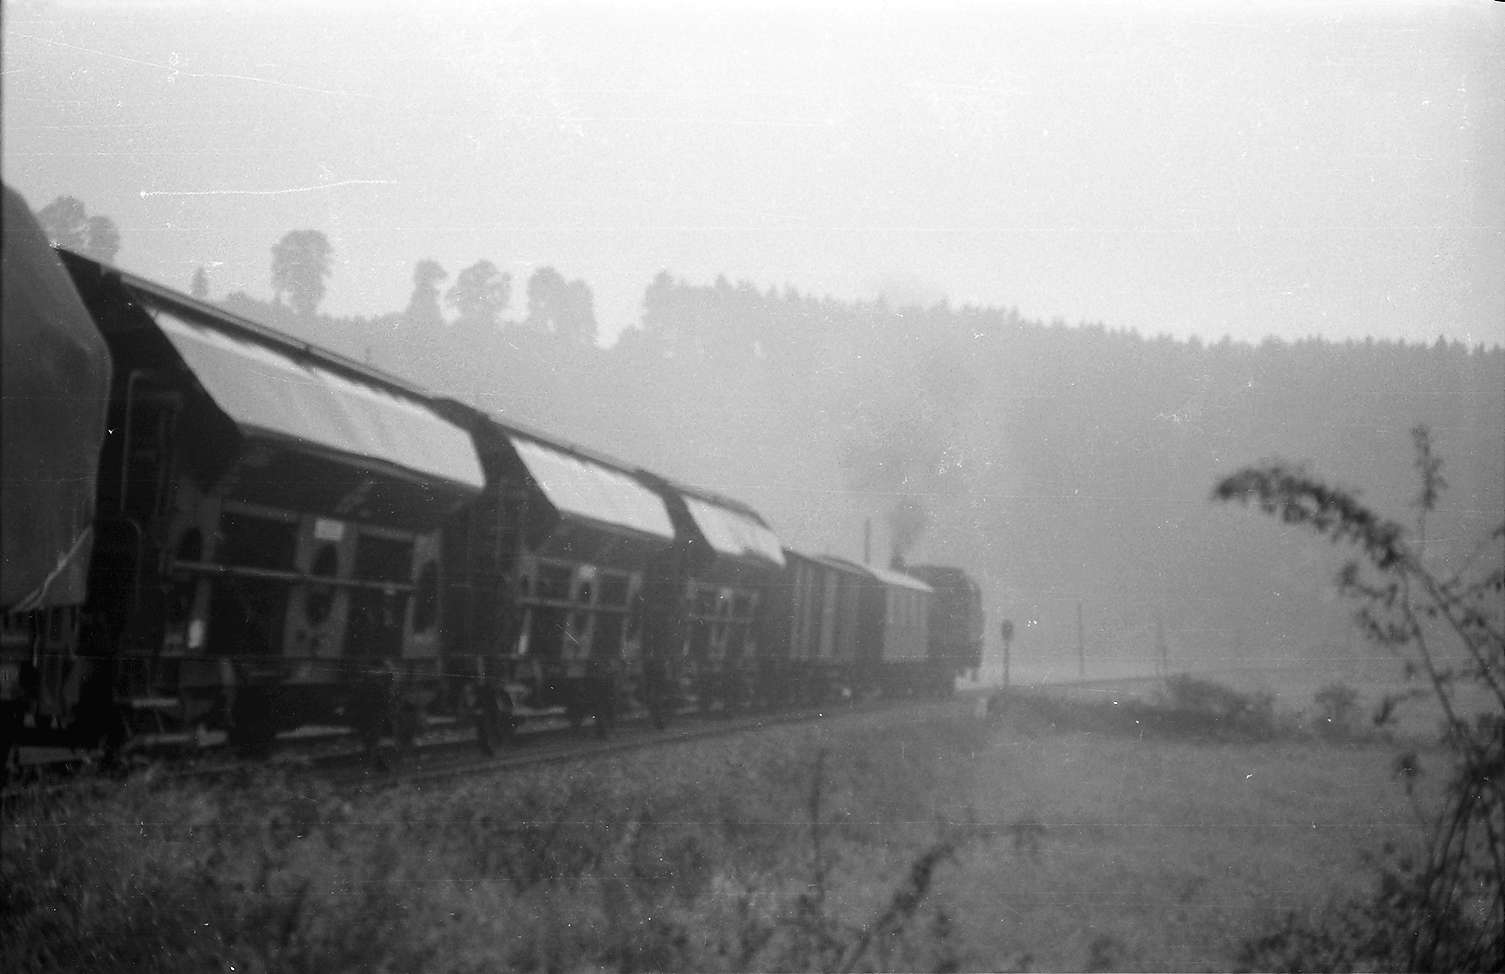 Lok 141, Trillfingen, Eyachtal Richtung Bad Imnau, Bild 1
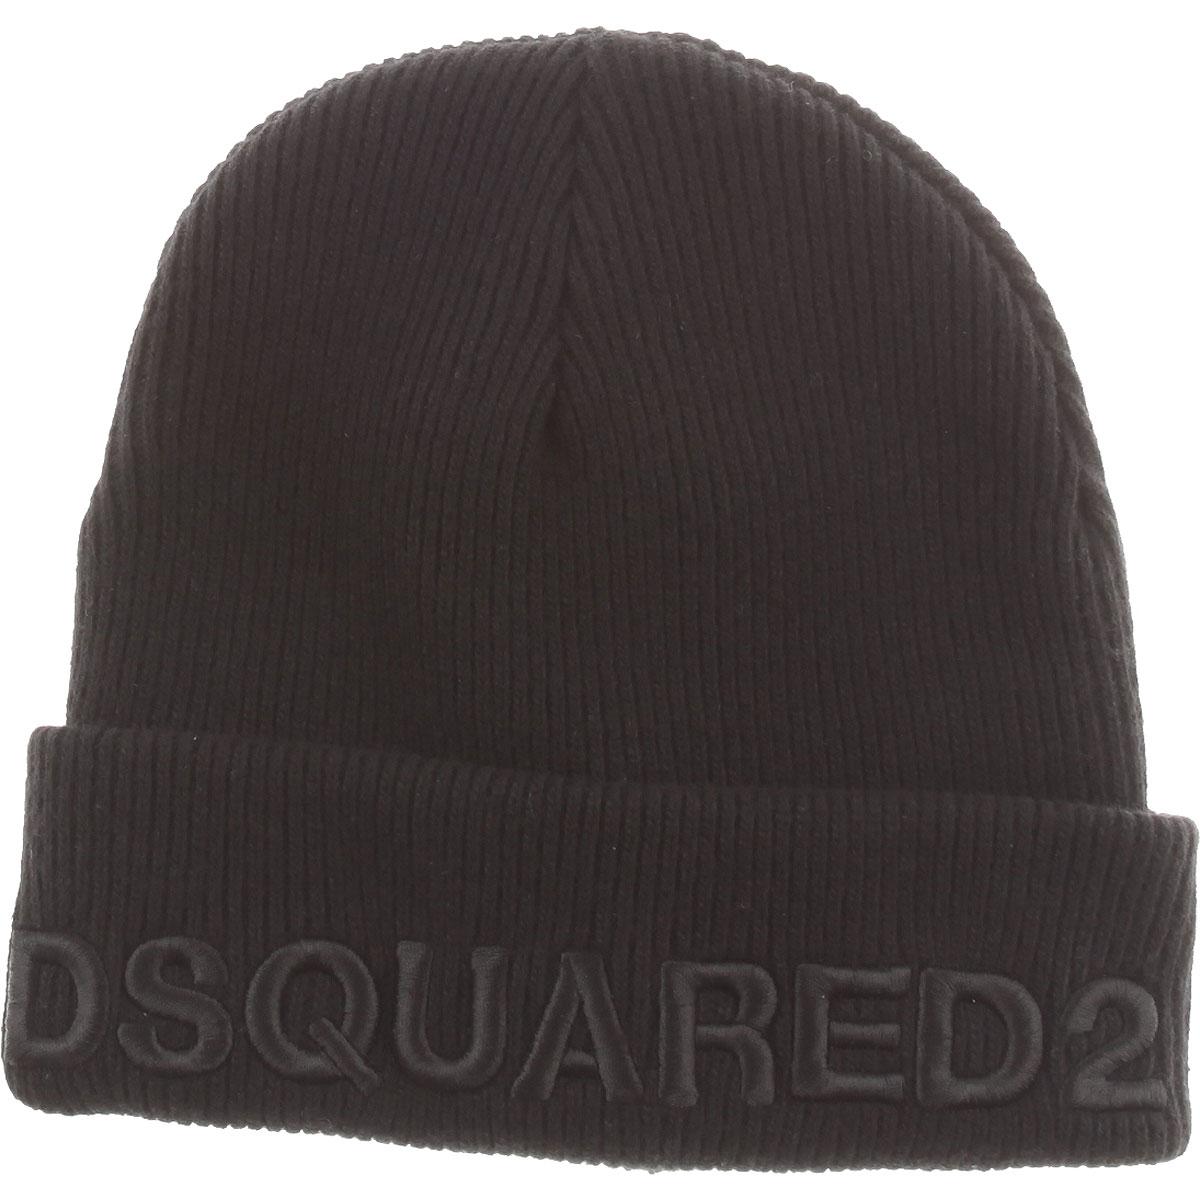 Image of Dsquared2 Kids Hats for Boys, Black, Wool, 2017, I II III
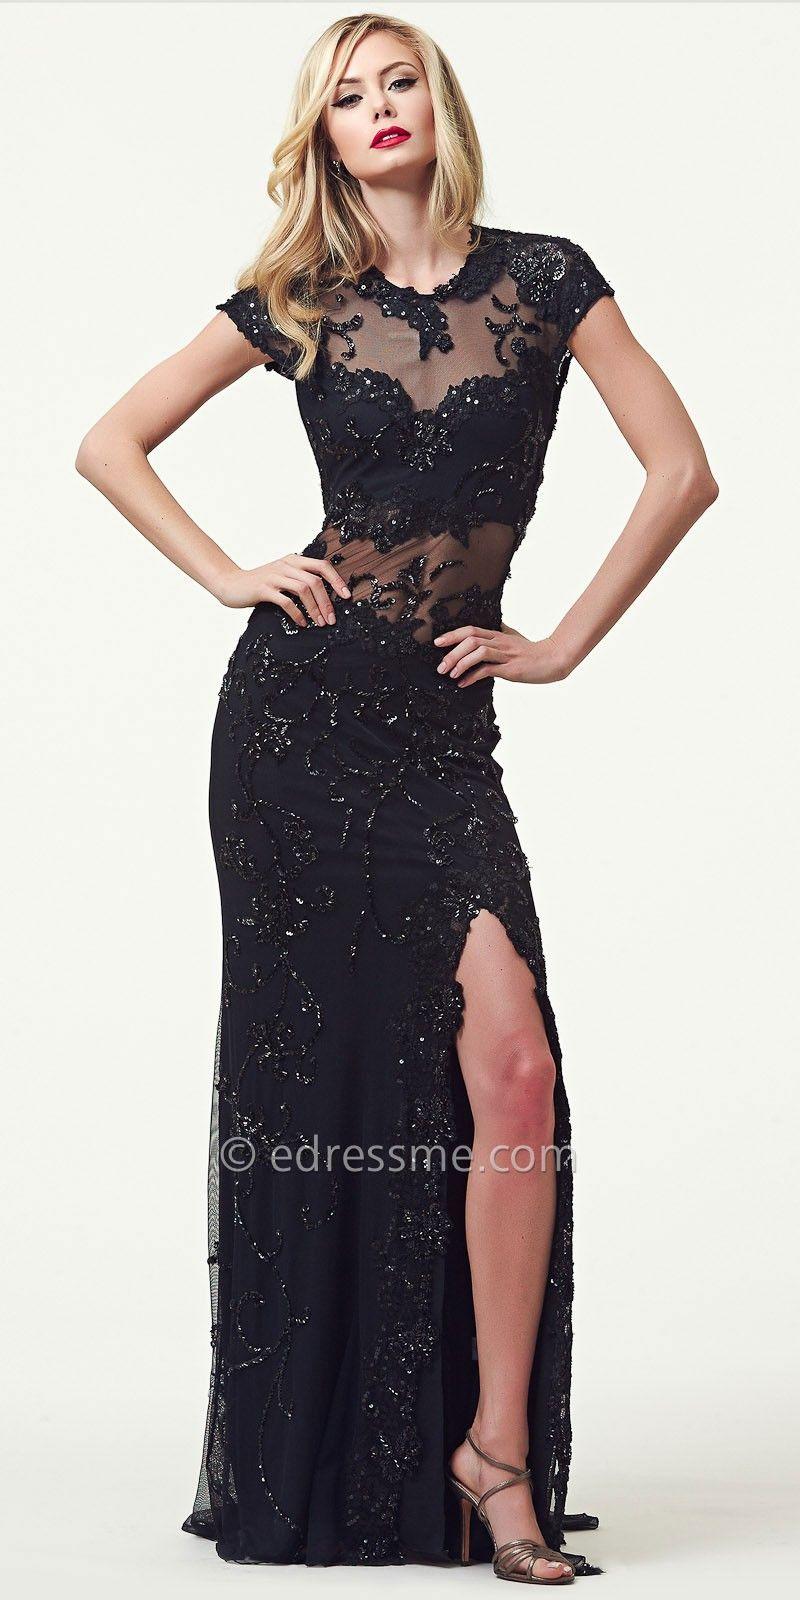 Black formal dress by mac duggal edressme pintowin fashion
────────
**What the task asks:** Pictures stay out of the copy; print the material above exactly.

**Task output:**
 Lok 141, Trillfingen, Eyachtal Richtung Bad Imnau, Bild 1
 Image of Dsquared2 Kids Hats for Boys, Black, Wool, 2017, I II III
 Black formal dress by mac duggal edressme pintowin fashion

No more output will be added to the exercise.